Hastalar tedavi seanslarından sonra günlük işlerine devam edebilirler. Girişimsel (cerrahi) bir işlem olmadığı için tedavi sırasında uygulanan bölgede oluşan ve kısa sürede geçen hafif ağrı, ciltte oluşan hafif kızarıklık ve şişlik dışında önemli bir yan etkisi bulunmamaktadır. Uygulama alanında kızarıklık olması normaldir ve artan kan akımını gösterir. Ancak tedavinin etkinliği ve yan etkinin olmaması için, uygulamanın bu konuda deneyimli kişiler tarafından yapılması gereklidir.
İlk seanstan itibaren 1 haftalık süre içerisinde ağrılarda azalma görülebilir. Eswt tedavisinde amaç ağrının geçici olarak giderilmesi değil, kalıcı olarak bir tedavi sağlamaktır.
Hamilelere, kalp pili kullananlara, kanserli hastalara, akut enfeksiyonu olanlara, gelişme çağındaki çocuklara, kanama bozukluğu olanlara, akciğer, kalp ve iç organların üzerine, enfeksiyon kapmış kırıklara ve enfeksiyonlu bölgeye, üst boyun bölgesine, baş ve sinirlere yakın bölgelere uygulanmaz. Ancak, gelişme çağındaki çocukların kas sorunlarında düşük enerjili şok dalga kullanılabilir.
Almanya başta olmak üzere, ABD, İtalya, İsviçre, Avusturya, Japonya gibi birçok gelişmiş dünya ülkesinde şu ana kadar 50.000’in üzerinde hasta üzerinde uygulanmış ve %80’in üzerinde bir başarı oranı sağlanmıştır. Tıbbi litaratürlerde yayınlanmış çalışmaların ortalama başarı yüzdeleri Topuk Dikeninde %85, Tenisçi Dirseğinde % 70 Omuzun Kalsifiye Tendiniti/Donuk Omuz hastalıklarında % 80 ve üstündedir.
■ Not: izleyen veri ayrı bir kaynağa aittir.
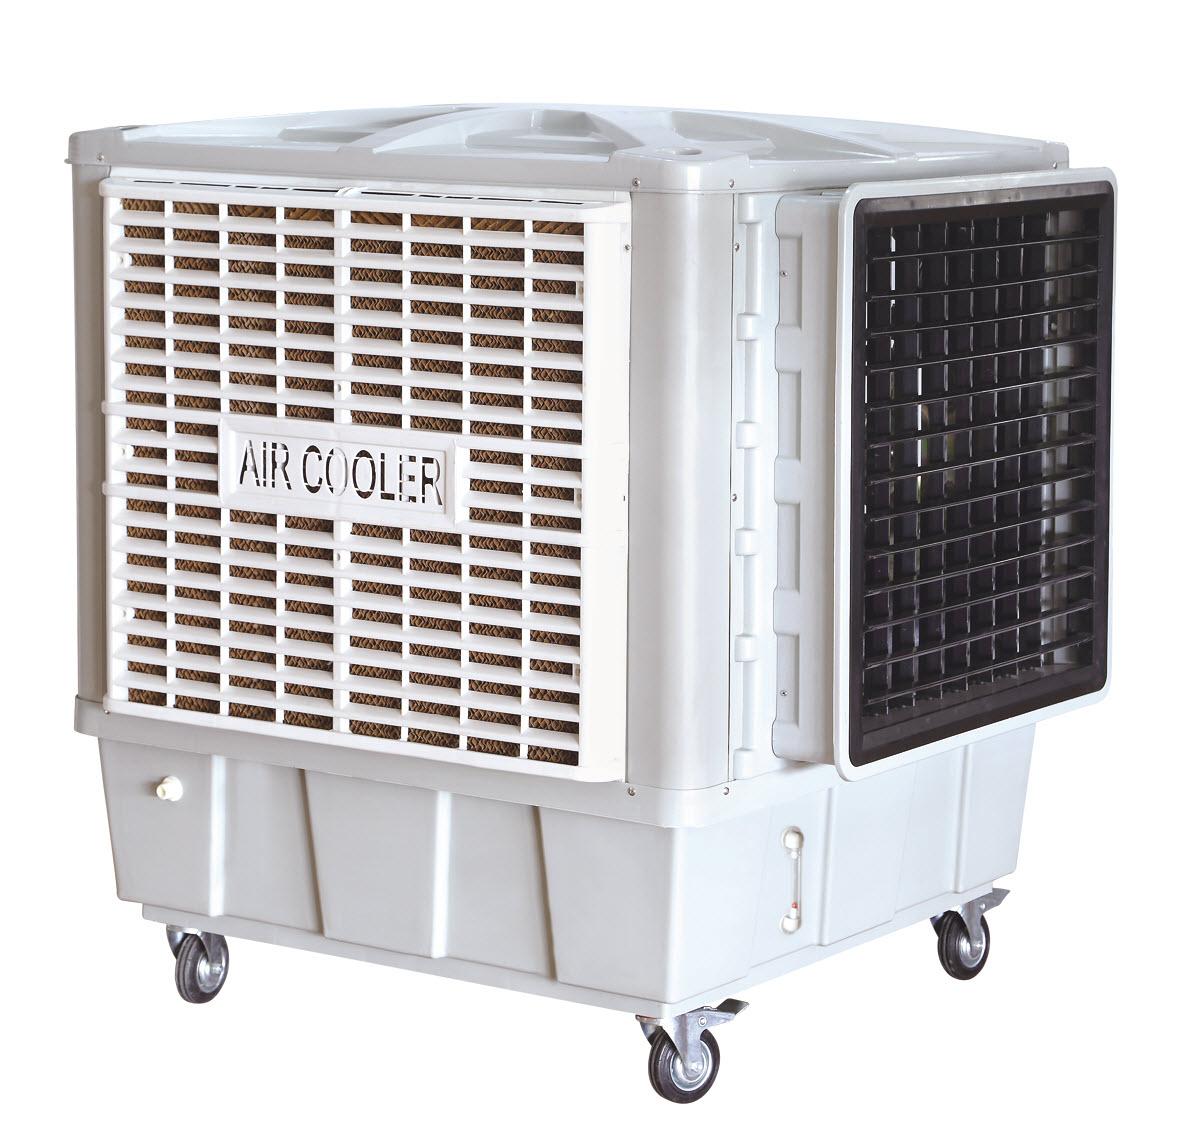 CY environmental air condiioner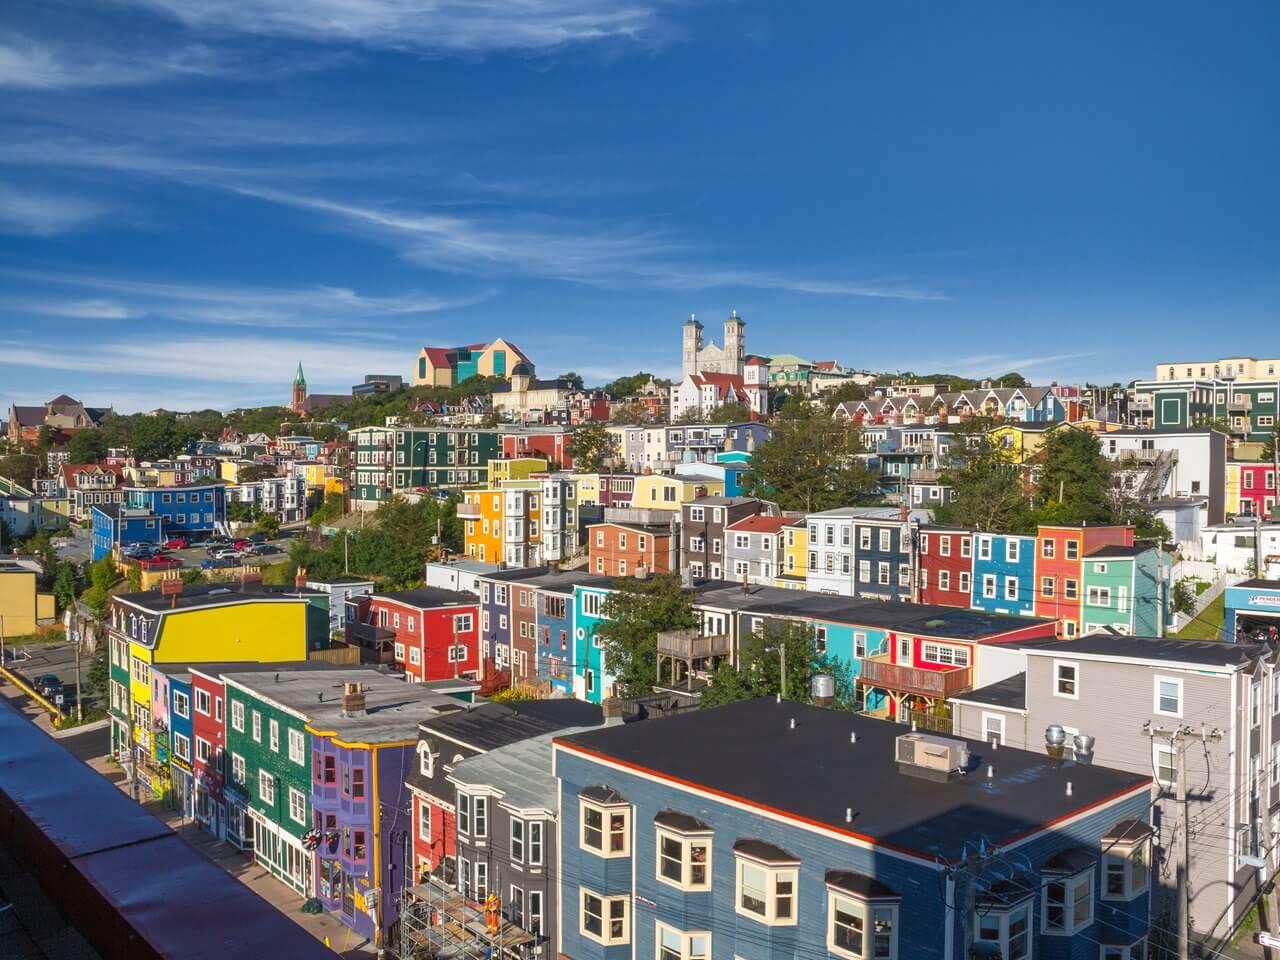 Aerial photograph of St. John's, Newfoundland

Son yıllarda önce Avrupa'da şimdilerde de Amerika'da kabul gören Şok Tedavi'nin yaygınlaşmasıyla yeni endikasyonlarda da uygulama alanları bulacağına muhakkak gözüyle bakılmaktadır. ESWT tedavisi Avrupa ve Kuzey Amerika ,uzak doğu ülkeleri başta olmak üzere 30'un üzerinde ülkede yaygın olarak kullanılmakta, her sene uluslararası kongreleri yapılmaktadır. ESWT'nin kas iskelet sistemi üzerindeki avantajları, noninvazif (girişimsel müdahale gerektirmeyen) ve komplikasyonlarının azlığı, açık cerrahi ile kıyaslandığında maliyet azlığı, hastanın tedavinin hemen sonrasında günlük hayatına devam edebilmesi, kalıcı tedavi sağlamasıdır.